The value of China’s import and export trade in January dropped 9.8 percent on the year as the country’s yuan hit a new high following a revaluation move from China’s central bank.
The total value of trade in January fell to 1.9 trillion yuan, or approximately $290 billion at current exchange, with the value of Chinese exports dropping 6.6 percent to 1.14 trillion yuan, or $174 billion. Imports fell 14.4 percent to 738 billion yuan, or $116 billion. The month prior to the Lunar New Year holiday, which fell this year between Feb. 7 and 13, is traditionally a slow one on China’s trade calendar.

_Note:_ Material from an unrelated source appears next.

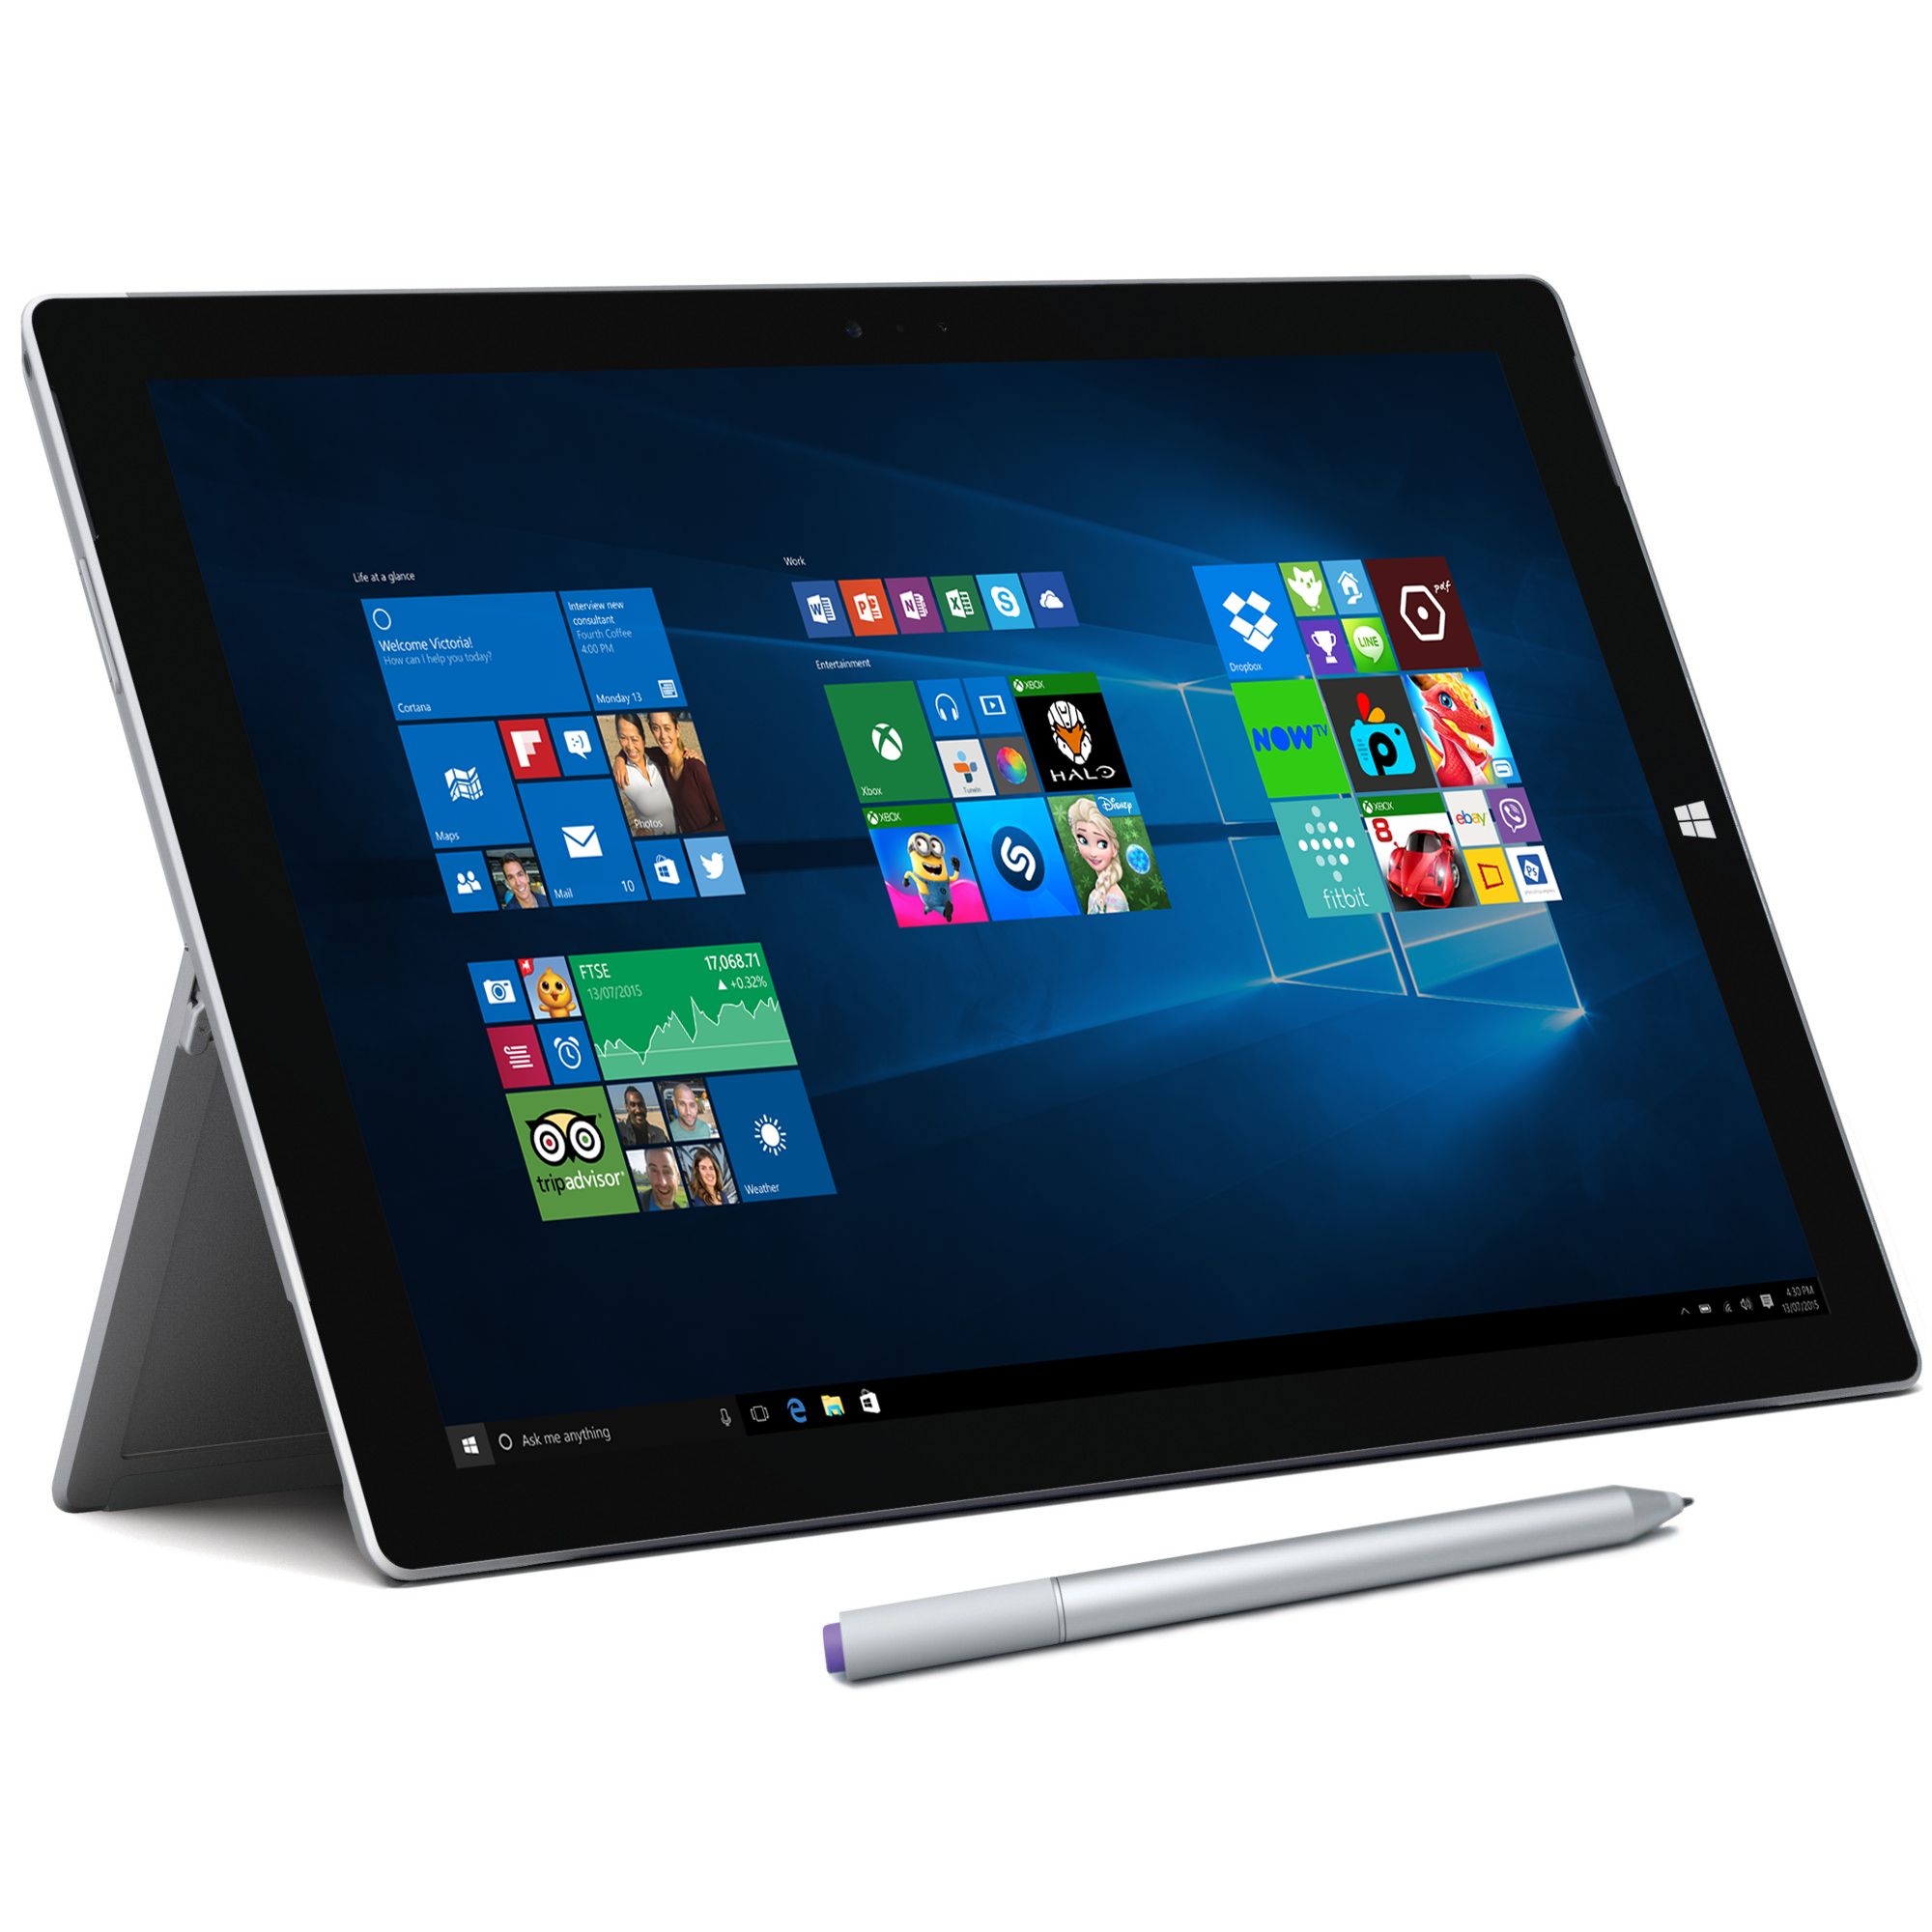 Microsoft Surface Pro 3, Intel Core i5, 4GB RAM, Windows 10 Pro

Shanghai’s composite index opened lower on the first day of trading following its weeklong holiday break, but finished the day stronger, ending the day down only 0.6 percent to end at 2,746. Other Asian indices fared better. Hong Kong’s Hang Seng was gaining 3.3 percent in late-day trade. Tokyo’s Nikkei 225 jumped 7.2 percent to end at 1,070 as the market bet on potential stimulus measures after weak fourth-quarter GDP data.
Trade with China’s two largest trading partners, the EU and U.S., both dropped almost 10 percent in January, while the bilateral value of trade with ASEAN nations, China’s third-largest trading partner, dropped 11 percent compared with January 2015.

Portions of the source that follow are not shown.